To get the value of the flags, run the command:
(gdb) print ht->u.flags $1 = 30
So it is, in the 3rd bit unit.
Since the condition is true we get here:
if (h < ht->nNumUsed) { if (Z_TYPE(ht->arData[h].val) != IS_UNDEF) { return 1; } } return 0;
In line 1, we check whether the value of the required key is valid with respect to the
arData array. If yes, we just have to check whether the
arData array at address
h contains an element.
Well, if the flag
HASH_FLAG_PACKED is not set, then we will get here.
p = zend_hash_index_find_bucket(ht, h);
This function will search for the required element, but using the translation table mentioned above.
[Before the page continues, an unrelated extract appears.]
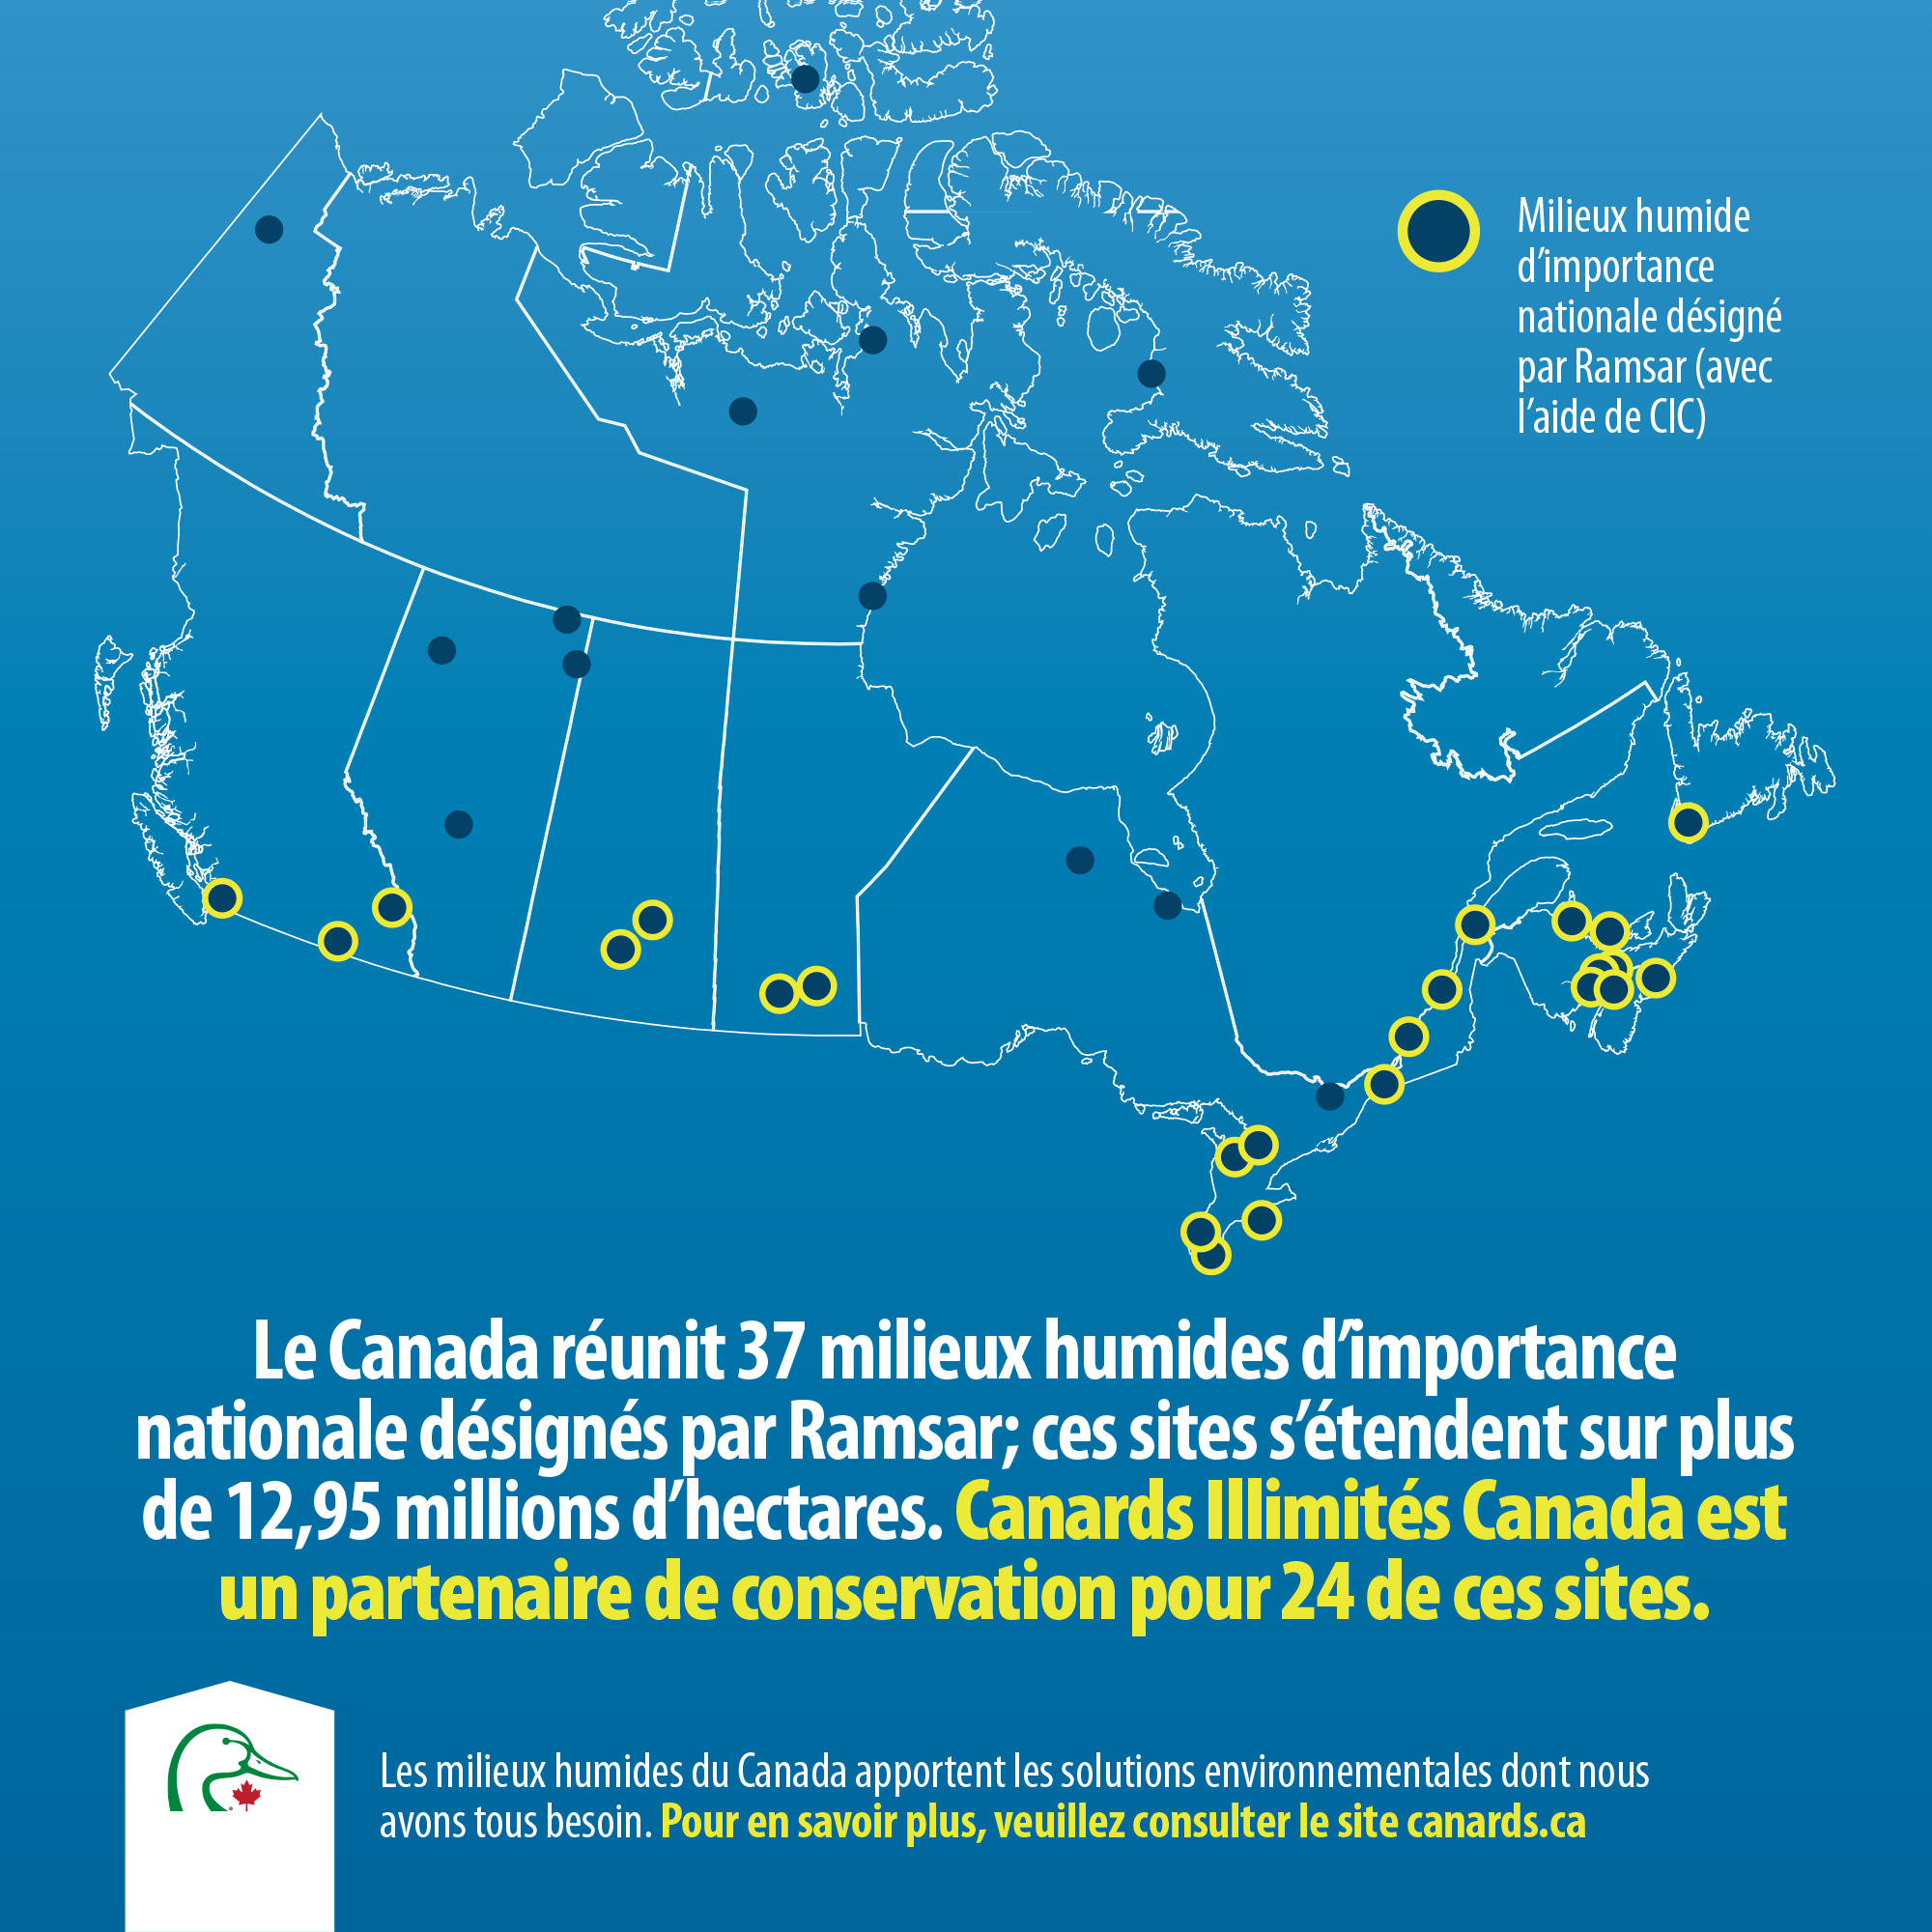 Le Canada réunit 37 milieux humides d’importance nationale désignés par Ramsar; ces sites s’étendent sur plus de 12,95 millions d’hectares.

Well, that's all the magic. Debagger can be closed. There is only 1 question left. And what is this actually for the
HASH_FLAG_PACKED flag and where is it set?
This flag signals us about
Packed hashtable optimization - all the keys of the php array are numbers and are sorted in ascending order. Regarding the test example, it is not difficult to guess, this flag is set inside the sort function. As it turned out, this optimization affects a fairly large number of aspects of working with the language. There probably is no other article you can write.
And my story ends here, we looked at some of the techniques of working in a bunch of php + dbg, and out of the corner of our eyes took a look at one interesting optimization in hash table algorithms. I hope the methods described above will help you to research the wonderful PHP tool.